Не отдаст его ни самой лучшей бабушке, ни самой золотой няне вроде Арины
Родионовны.
Она включилась, когда
Марфа замолчала, ожидая от нее реакции.
— Всем подавай любовь
или, на худой конец, роман, приключение, интрижку, чтобы хоть отдаленно, хоть в
чем-то было похоже на любовь. Это как усилитель вкуса жизни, близкий к натуральному. Сколько живем, все никак не налюбимся.
Майка не представляла,
как это — в пятьдесят, в шестьдесят или даже старше — влюбиться, целоваться, заниматься сексом,
когда тело свое лучше никому не показывать. Как это в таком возрасте выйти
замуж, а потом отправиться в свадебное путешествие? Какой смысл в таком браке?
Детей не родишь. Будущего почти нет. Ради стакана воды перед смертью?
— Уж если всё так
складывается, вернее, не складывается, разводитесь, — обреченно благословила
Майка, потому что поясница у нее уже отламывалась, и хорошо было бы пройтись,
погулять на свежем воздухе. — Вдруг с генералом срастется? За отца не волнуйся.

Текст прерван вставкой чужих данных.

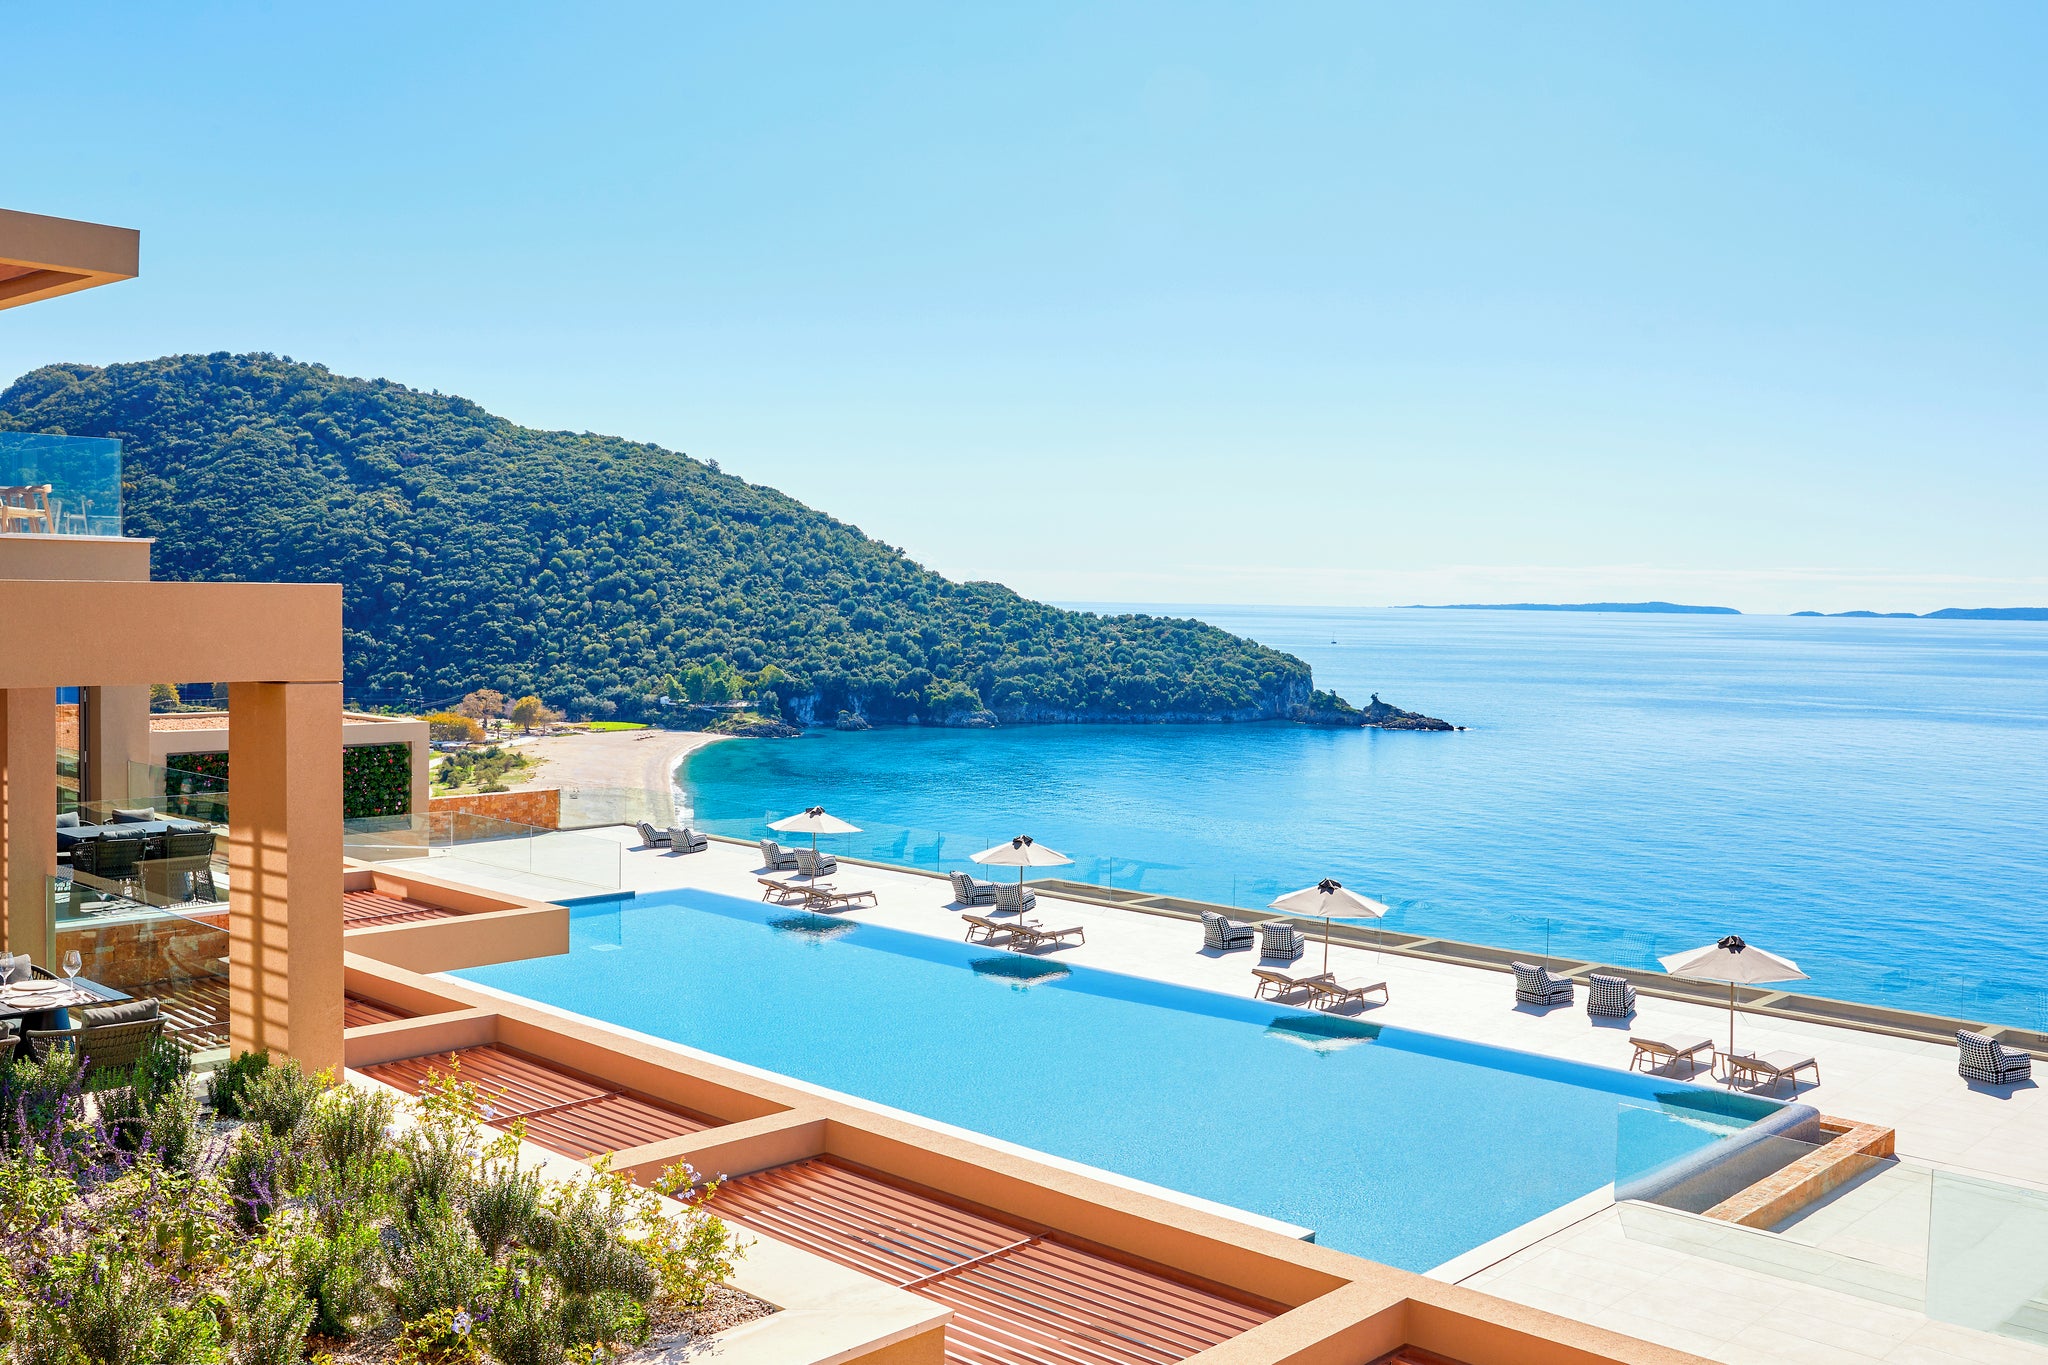 Famed for its natural wonders from beaches and bays to pools and waterfalls, a Greek getaway – such as a stay at Parga’s Elix Mar-Bella Collection hotel – will relax and restore

В нашей стране еще ни один мужик не пропал, тем более Жорж — красавец и
дамский угодник. Найдет себе заботливую клушку-толстушку, и будет ему счастье.
— Смотрю я на тебя,
такая молодая, а сердце уже черствое. Как ребеночка-то будешь растить с таким
сердцем?
Майке давно хотелось
задать Марфе — уж не подслушала ли она? — встречный вопрос такого же
содержания, слово в слово, но она сдержалась. Молчать и терпеть, терпеть и
молчать.
Не судьба была
развестись Марфе с Жоржем.
Боевой генерал Виталик,
улетевший на Дальний Восток разруливать семейные
дела, не вернулся. Заболел тяжелой ангиной, которая все не проходила и не
проходила. Он потерял голос. Когда начали серьезно обследовать, оказалось —
терминальная стадия рака горла. Через полгода адских мучений генерал умер.
И на этот раз семья не
распалась.
Марфа засела за докторскую по сравнительной истории послевоенного советского
и немецкого театра. Майка родила здоровую девочку. Жорж продолжал бегать к
филателистам, по выходным пылесосил квартиру, насвистывая «Болеро» Равеля или
оперные арии, обязательно что-то тушил или жарил — непременно в фартуке с
нагрудником — или варил фирменные «резиновые» холодцы.
Его давно нет в живых.
В последний момент
Майка с Марфой успели прорваться в палату реанимации. Георгий Фёдорович был уже
в непостижимых пределах, и врач сказал:
— Вряд ли вы до него
достучитесь. Вторые сутки без сознания.
Но как только Майка
поцеловала отца в лоб, он мгновенно открыл глаза, будто ждал, что вот-вот
разбудят. Узнав и жену, и дочь, шумно выдохнул, такой кроткий, такой маленький.
— Папа, слышишь меня? Я
буду спрашивать, а ты дай знак глазами. Если да — моргни, если нет — не моргай.
Жорж моргнул,
растерянно водя глазами. Потом стал еле слышно причмокивать.
— Хочешь пить?
Жорж моргнул. Поить из
ложки не получалось, вода разливалась по щекам, по шее и подбородку. Тогда
Майка скрутила жгут из марлевой салфетки, окунула в стакан с водой:
— Открой рот, я буду по
каплям отжимать воду. Это боржоми. Ты ведь любишь боржоми?
Жорж моргнул. Свет в
его лице прибывал, и намек на улыбку оживил окаменевшее серое лицо. Он
приоткрыл рот.
— Вот так, мой хороший!
Еще хочешь?
Жорж моргнул. Она
погладила отца по волосам, расчесала пальцами знаменитые брови и поцеловала в
щеку.
— Открывай рот!
Он проглотил воду и
напряг губы, будто хотел что-то произнести.
— Хочешь что-то
сказать?
Жорж моргнул. Но из
горла, кроме хрипа, ничего не вырвалось.
Тогда Майка достала
ручку и маленький блокнот. Жорж моргнул еще раз, как бы одобряя ее.
— Напиши! — Держа
блокнот поудобней, она пыталась вложить ручку в пальцы
отца. Не получилось. Тогда она взяла руку отца в свою руку, чтобы удерживая
ручку, он смог писать. Его мышцы не откликались на движение, и ручка выпала из
пальцев на простыню. Жорж закрыл глаза.
— Последнее прости,
он хочет сказать последнее прости, — с ужасом
догадалась Майка, но не показала вида. Побоялась. Вдруг ошиблась? Надеялась, он
еще подержится, еще поживет.
Георгий Фёдорович с
трудом разлеплял губы. Обложенный белой коркой, распухший язык не двигался.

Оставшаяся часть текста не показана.